EIAV export is inhibited by cytochalasin D. 293T cells were transfected with EIAV Gag-Pol (A) or optimized Gag (B) plasmids. After 8 to 10 h, the medium was replaced with fresh cell culture media containing different concentrations of cytochalasin D. After 48 h, the EIAV proteins in the cell lysate and supernatant were prepared as described in Fig. 2 and detected with an anti-p26 antibody. The relative virus release efficiency was calculated. **, P < 0.01; *, P < 0.05.
DISCUSSION
Intracellular EIAV replication is a complicated process that has not been clearly defined to date.
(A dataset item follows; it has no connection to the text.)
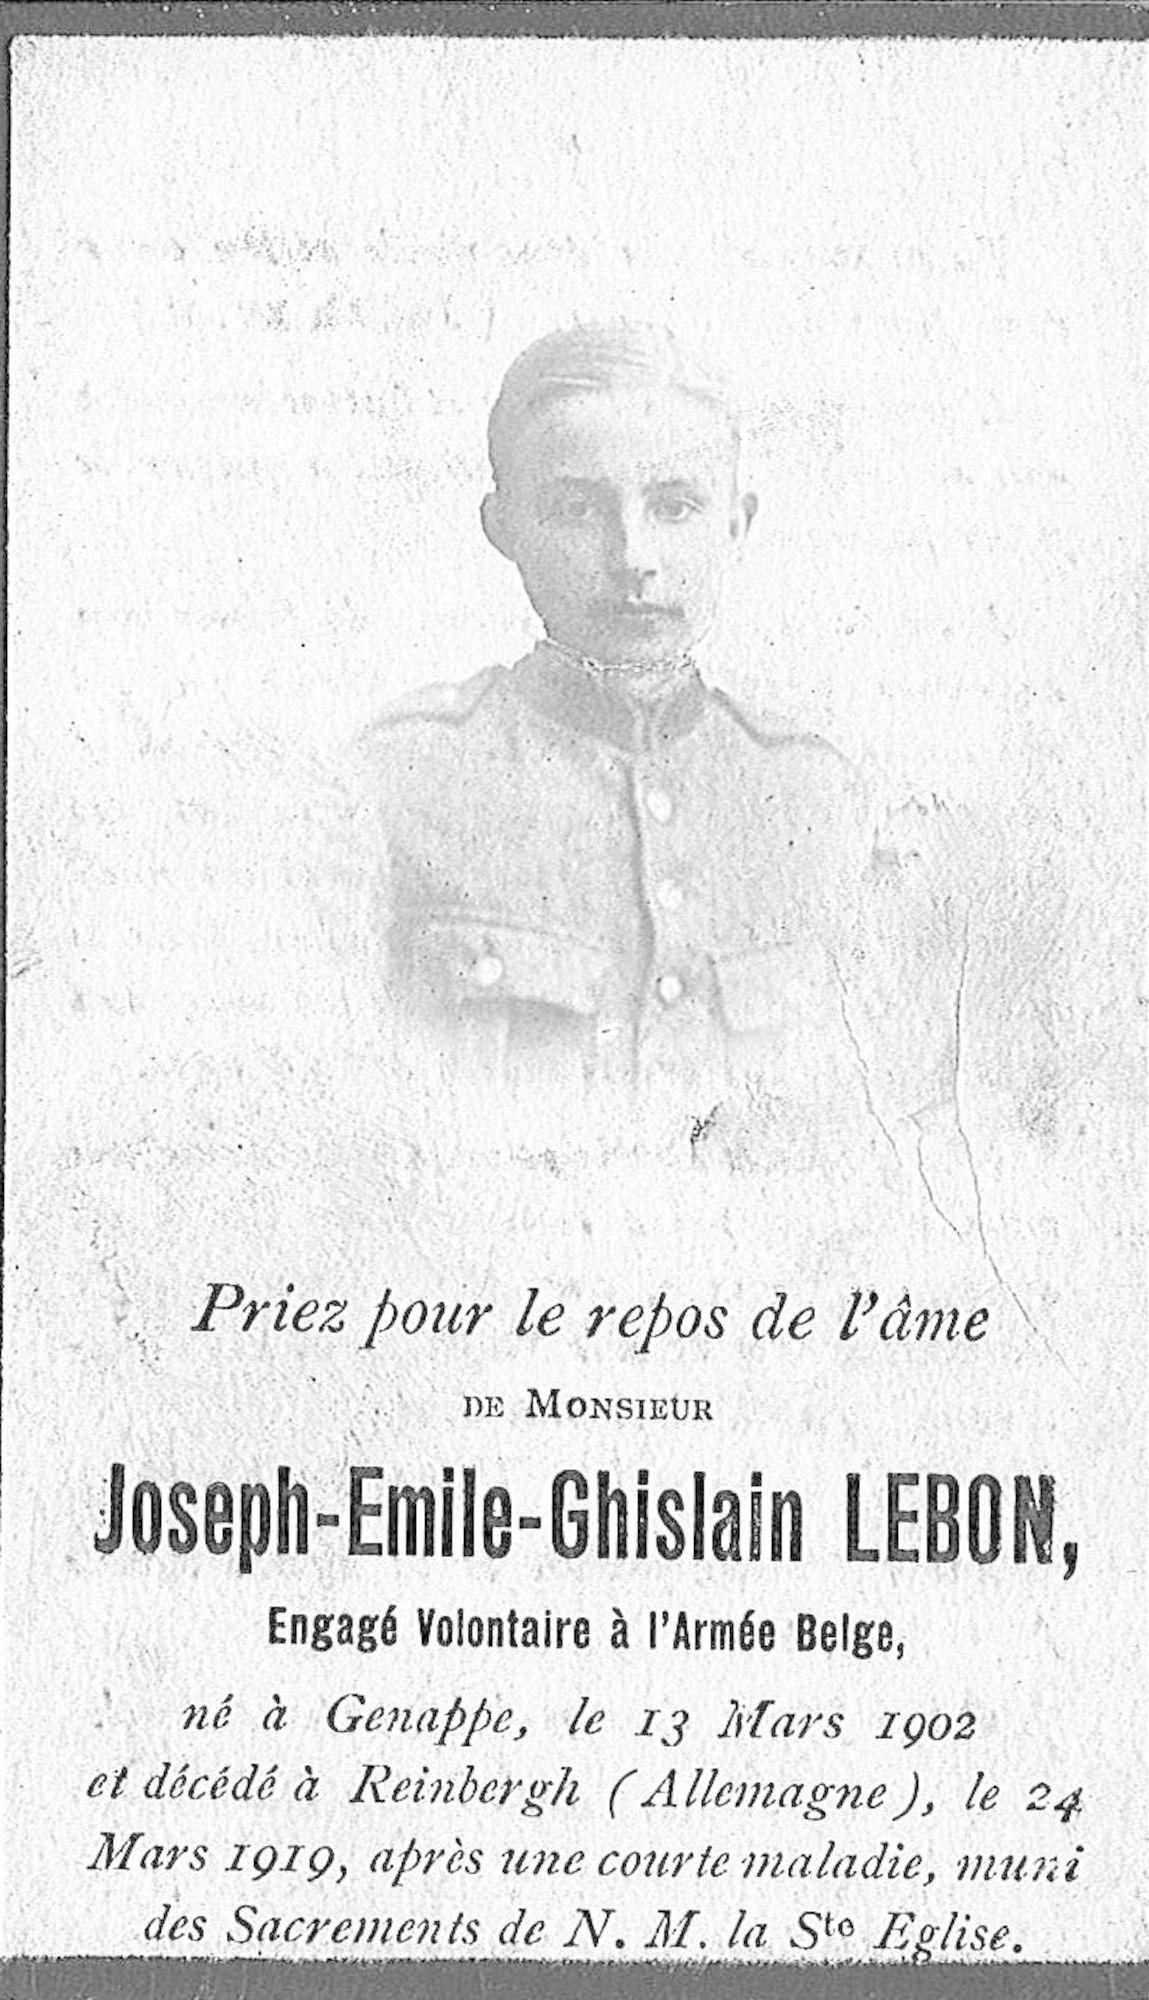 Joseph-Emile-Ghislain Lebon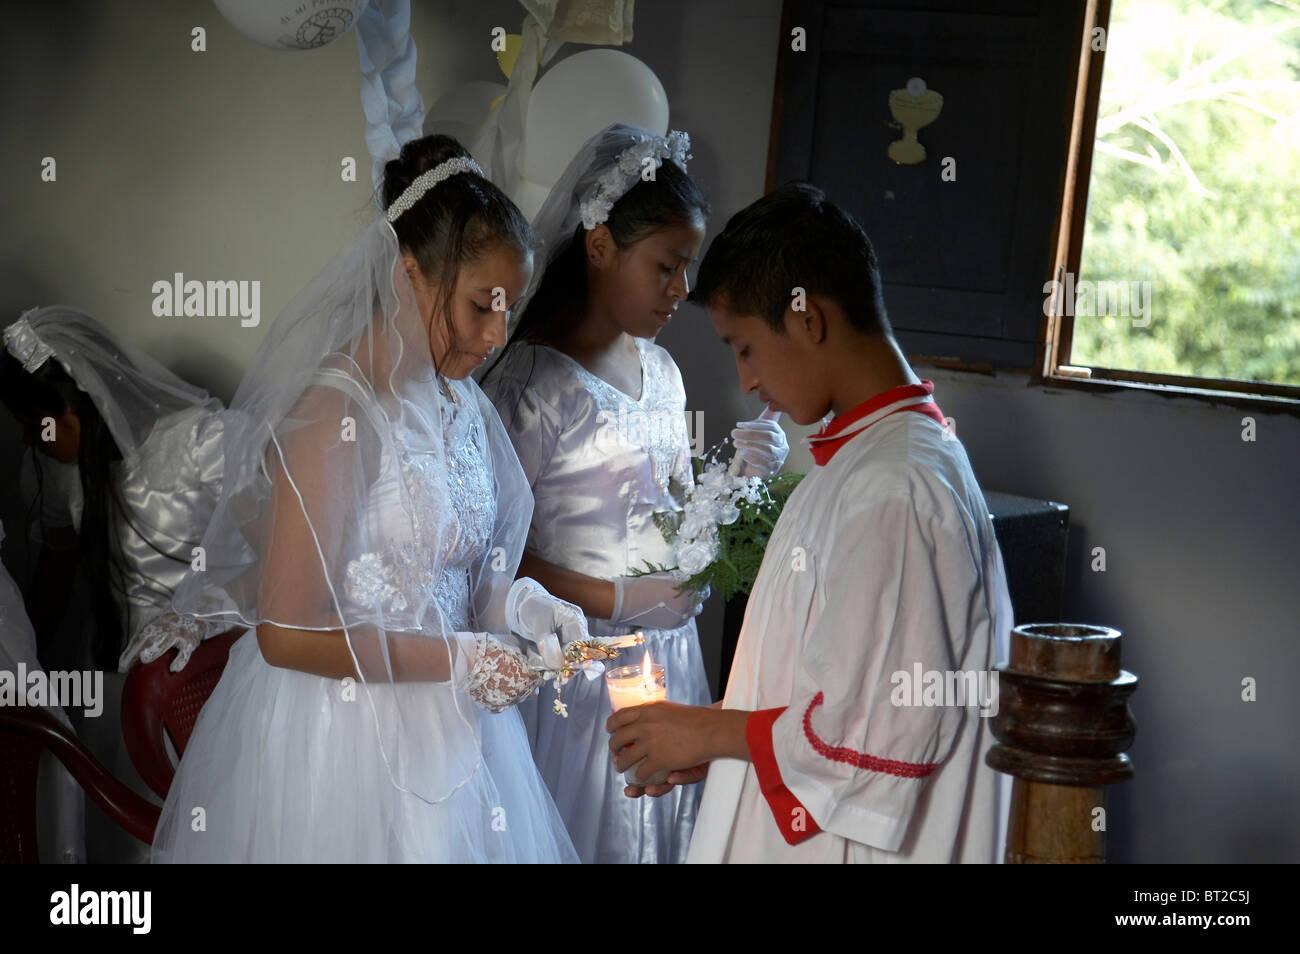 Kc4758 Painet chico niños kids guatemala primera misa católica el comunión y en remate peten monaguillo luces Foto de stock

Previous studies have demonstrated that EIAV binds to PI(3,5)P2, which is enriched in endocytic compartments, and utilizes the cellular ESCRT pathway to complete assembly and release (45). However, the detailed cellular trafficking pathways that facilitate EIAV release remain unknown. In the present study, we compared differences in the EIAV and HIV-1 Gag protein cellular assembly sites (Fig. 1A and B). We found that W7A and K9A severely impaired EIAV Gag release but did not alter the distribution of Gag at the cellular membrane (Fig. 2D). Then, we confirmed that the MA global head of EIAV and HIV-1 Gag was essential for their assembly and determined their membrane targeting (Fig. 3). Furthermore, we demonstrated that EIAV did not utilize MVBs and microtubules to complete its particle egress (Fig. 4 and 8). Interestingly, we observed that EIAV Gag accumulated in the intracellular trans-Golgi network rather than in endosomes (Fig. 4A and B). Finally, we demonstrated that EIAV hijacked the cellular vesicle pathway to export viral particles (Fig. 7).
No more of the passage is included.